Taking a prudent road
28 Nov 16
As flagged in September, H1 2017 profit is indeed below LY; adj. PBT of £0.5m compares with £1.5m in H1 2016 as Trakm8 invests heavily in new technology and acquisition integration. Management remains confident in another very strong H2 performance and in particular is focused on closing a couple of large high-margin software-related sales which would see the group meeting the original FY 2017 expectations of £5.9m adj. PBT. However, should these fall outside the March year-end, profits are only likely to be in line with last year’s £3.9m, albeit on a growing revenue base. Prudence dictates we assume a worst-case scenario in our forecasts so that surprise is only in the upside – if the deals close in the year, the company will meet those original revenue and profit expectations.
Joy of Techs
21 Nov 16
ICT evolution is driven by technological development as advances are made which both meet and shape customer requirements. Our 2011 note No such thing as a telco described the modern reality in that former ‘telcos’ now deliver varying elements of a range of managed services. We built on this theme last year, exploring in further detail their evolutionary paths, operating fundamentals, and cashflow yield similarities.

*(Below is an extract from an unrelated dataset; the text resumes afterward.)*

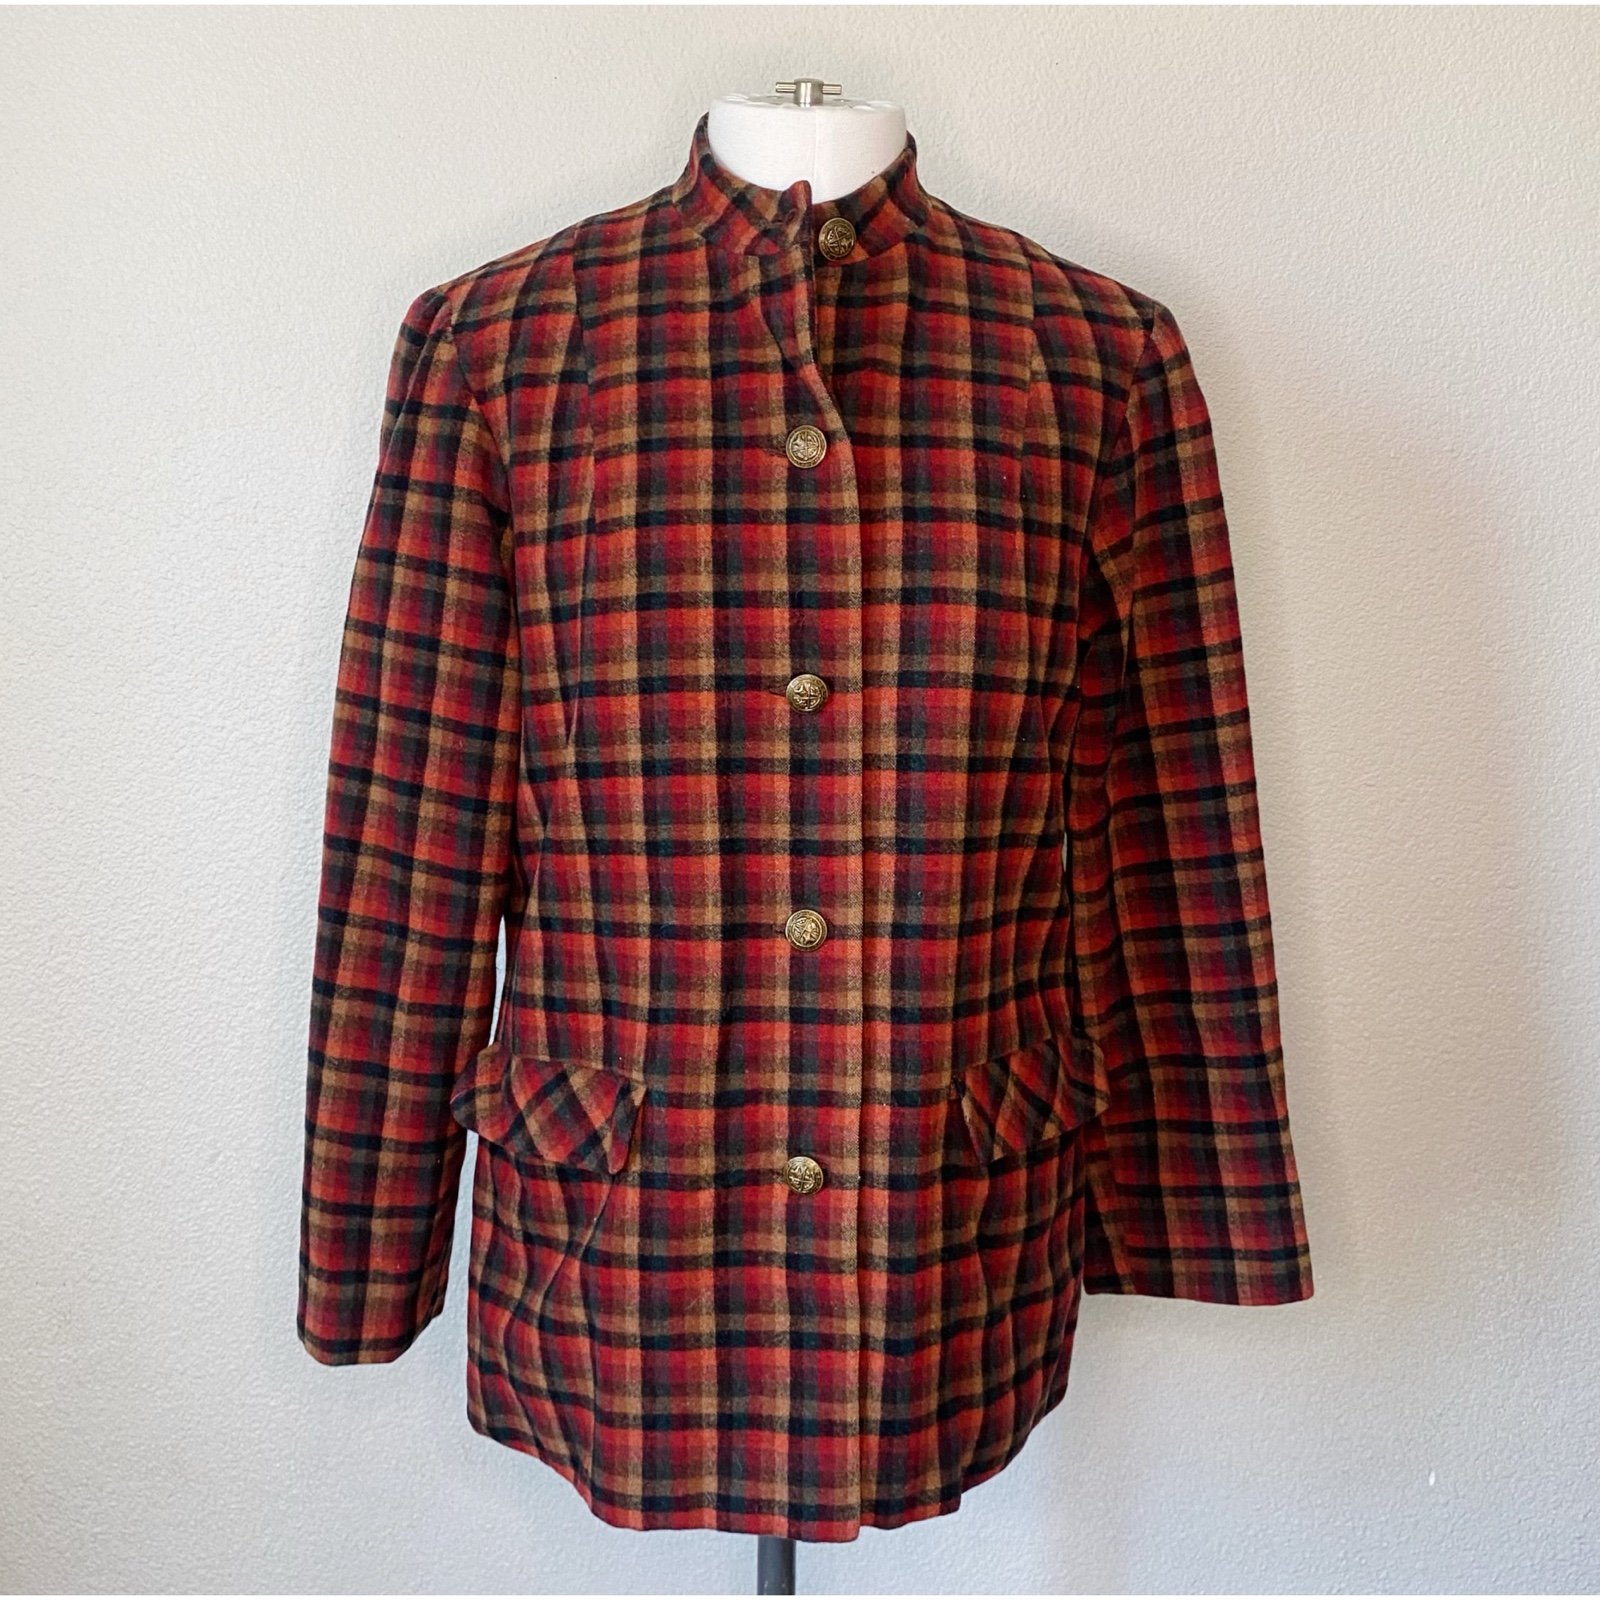 Beautiful Vintage 70’s Colorful Plaid Jacket Coat Blazer PjeuJaGz0 Online Shop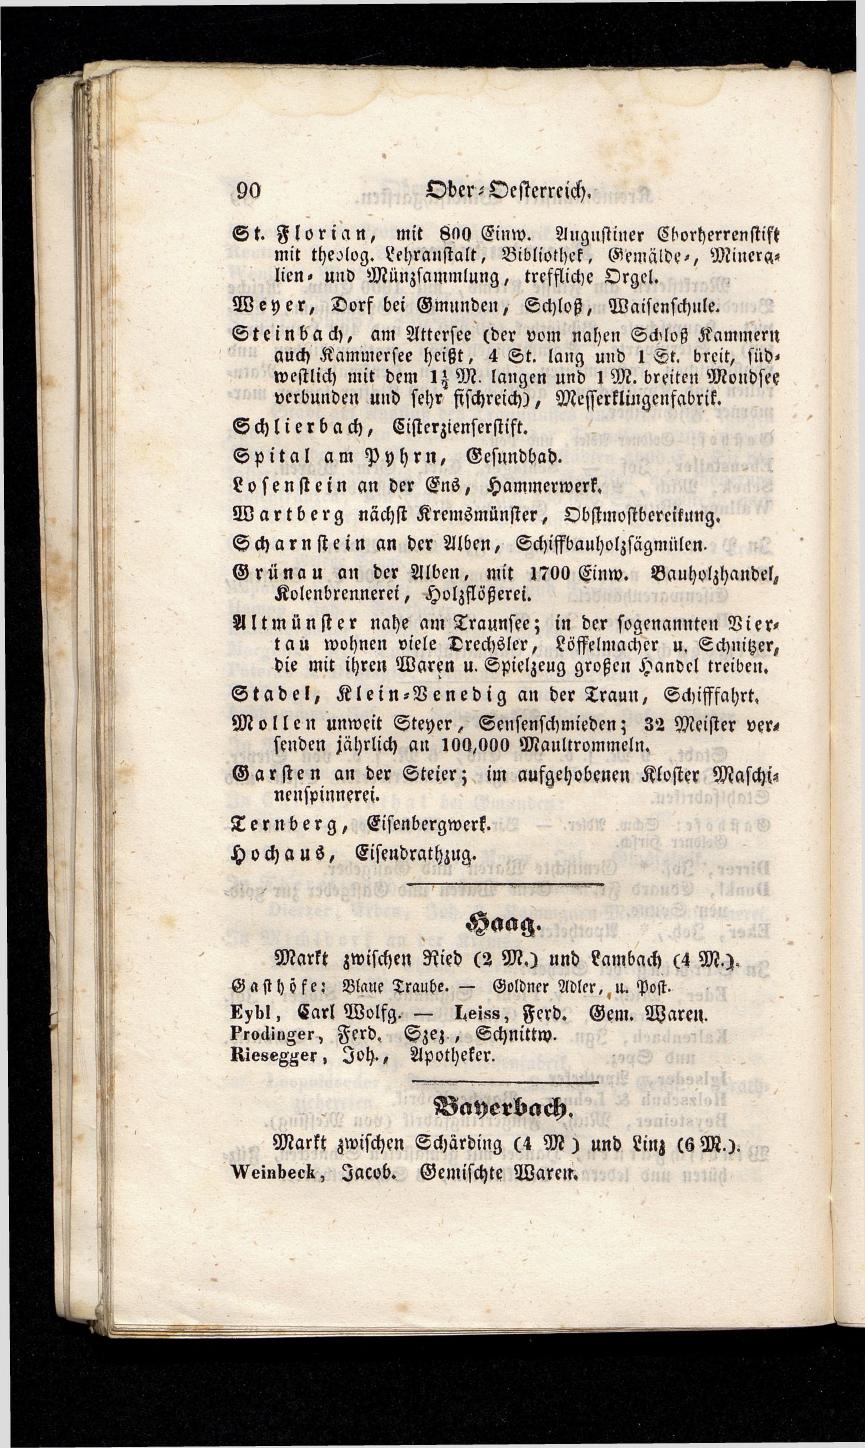 Grosses Adressbuch der Kaufleute. No. 13. Oesterreich ober u. unter der Enns 1844 - Seite 94

In the consumer environment, demand for bundles of technology is complemented by demand for content. Across the pond, the mooted combination of AT&T and Time Warner typifies the bundled need of ‘pipe’ and content, since unbundled alternatives such as FaceTime and WhatsApp can be easier and clearer to chat over, and Amazon and Netflix are easier to watch anywhere. In the UK, BT’s defensive actions cover delivery, content and capabilities, acquiring EE yet also buying football rights. While TV was long ago added to triple play to become quad play, voice is now merely an app, and fixed and mobile seen as just dumb pipes: it's the content that will influence consumer choices. Growth of TV and film as well as music and gaming over IP leads to UK small cap opportunities. In context of the drive to maximise value from pipes and access by offering content and data, we look at some amongst the potential tech small cap beneficiaries: Amino*, Keyword Studios, ZOO Digital*, 7digital*, KCOM* and CityFibre*.